DNSSEC: Complexities and Considerations - fcambus
http://blog.cloudflare.com/dnssec-complexities-and-considerations/

======
tptacek
DNSSEC suffers from the zone exposure problem because its design was, for many
intents and purposes, nailed down in the 1990s based on assumptions about
cryptography from the 1990s. Specifically:

* DNSSEC was designed to assume that keys would be kept offline, because online signatures were thought not to be performant enough†.

* DNSSEC was designed to provide authenticated denial, because it was designed during a time when support protocol maintainers believed they needed built-in countermeasures for high-level DOS attacks.

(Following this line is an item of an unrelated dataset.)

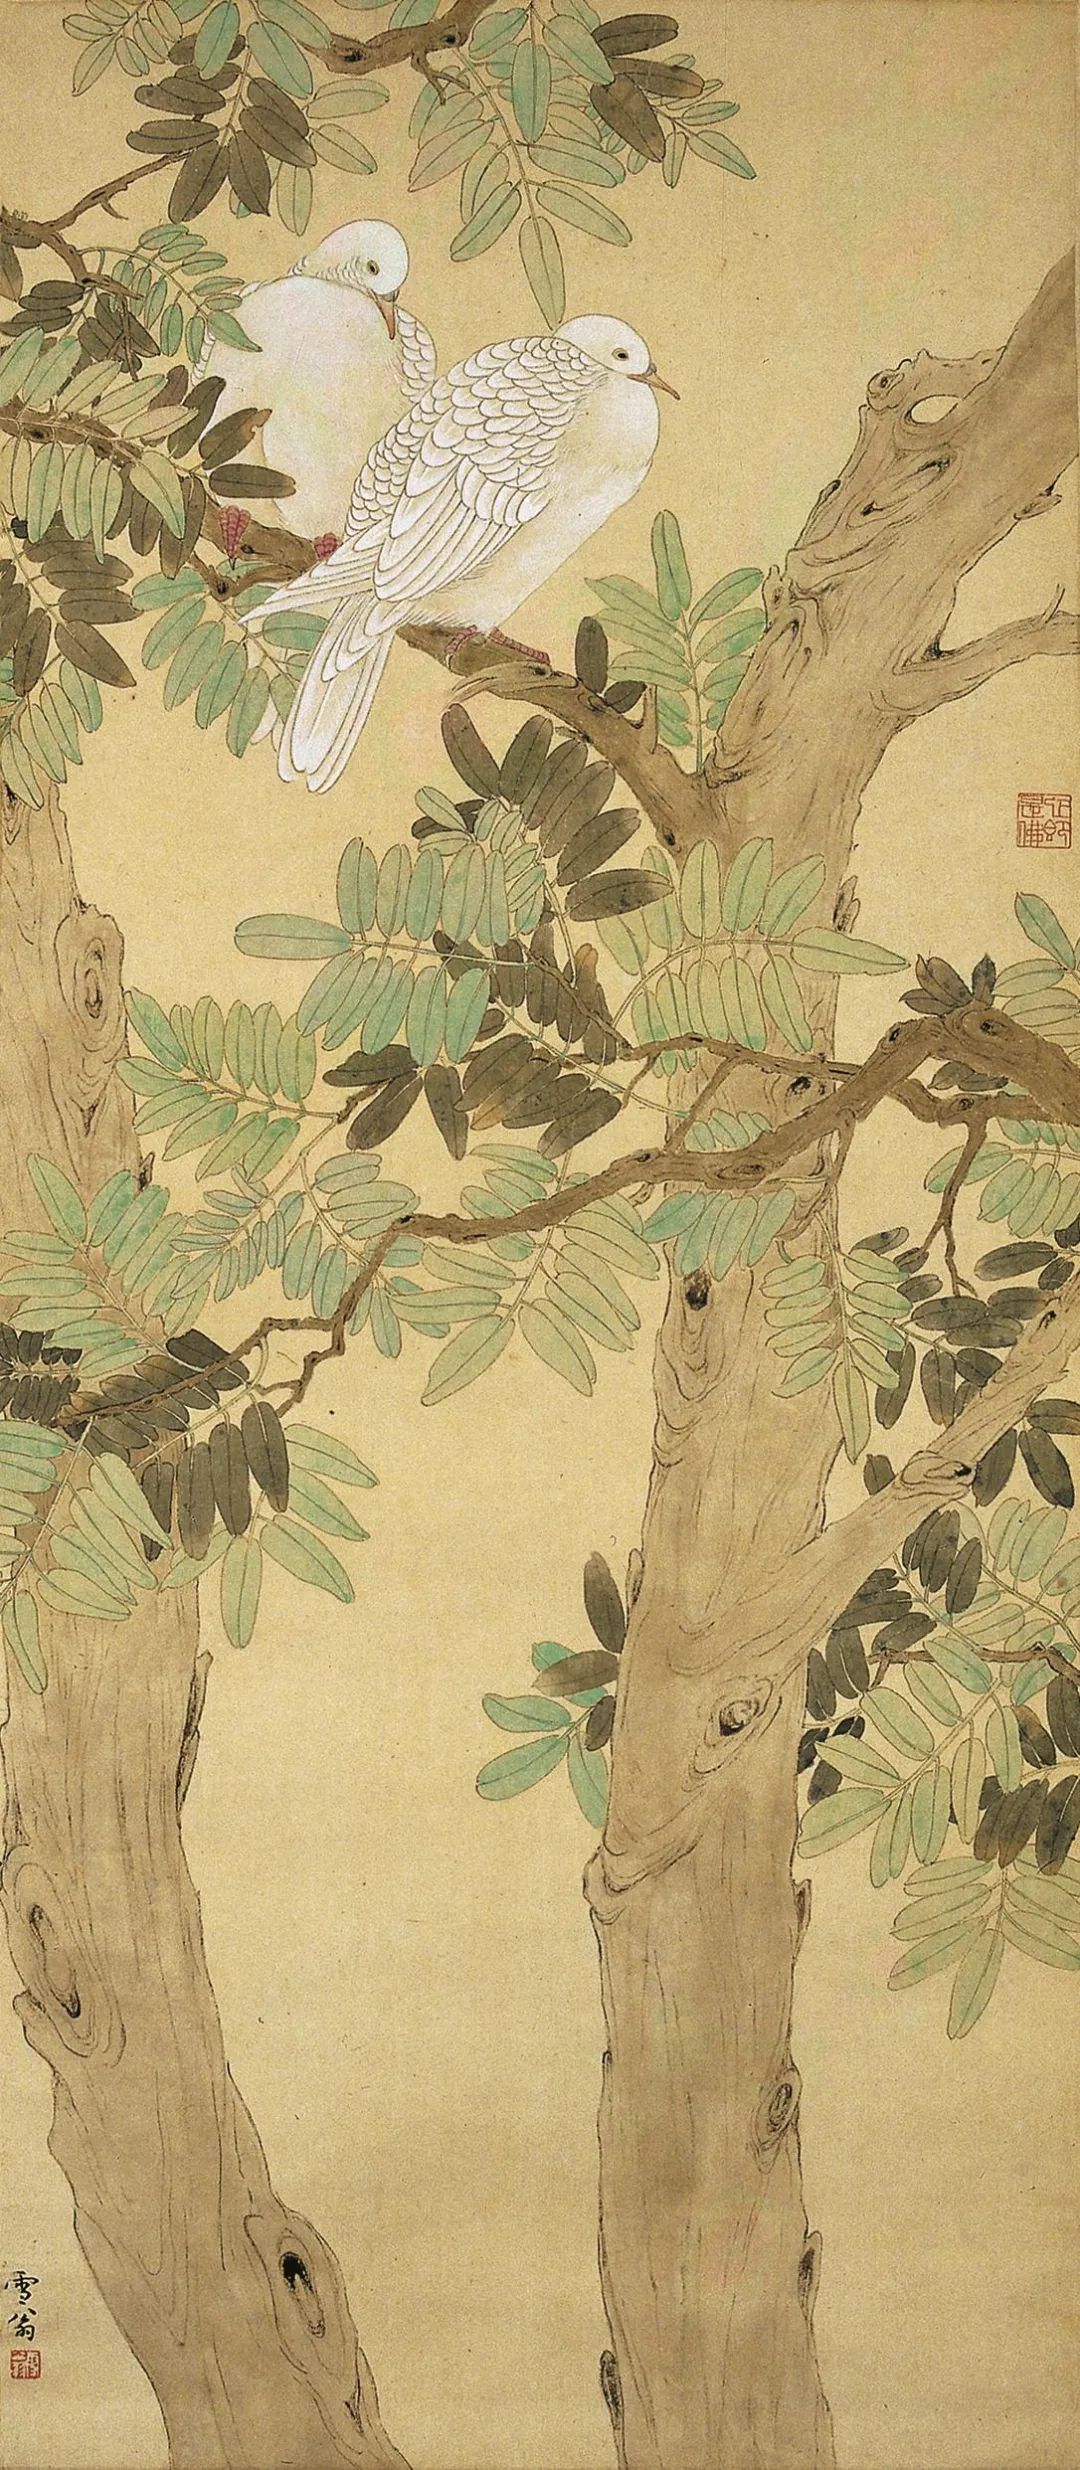 《槐荫双鸠》 陈之佛 中国画 93.5×40.5cm 1952年 南京博物院藏

The assumption behind these design goals are both dubious, but particularly
noxious when combined.

There is more wrong with DNSSEC than NSEC3, for whatever it's worth; for
instance, start with the fact that it's based on RSA PKCS1v15; until recently
(last time I checked, within the last 18 months), the _root_ of the hierarchy
used 1024 bit keys.

These are, of course, technical issues. There's a fundamental Internet design
problem with DNSSEC, too, which is that the roots of the DNS hierarchy are
overwhelmingly controlled by world governments. DNSSEC is, at bottom, a
centralized PKI dominated by the US Government.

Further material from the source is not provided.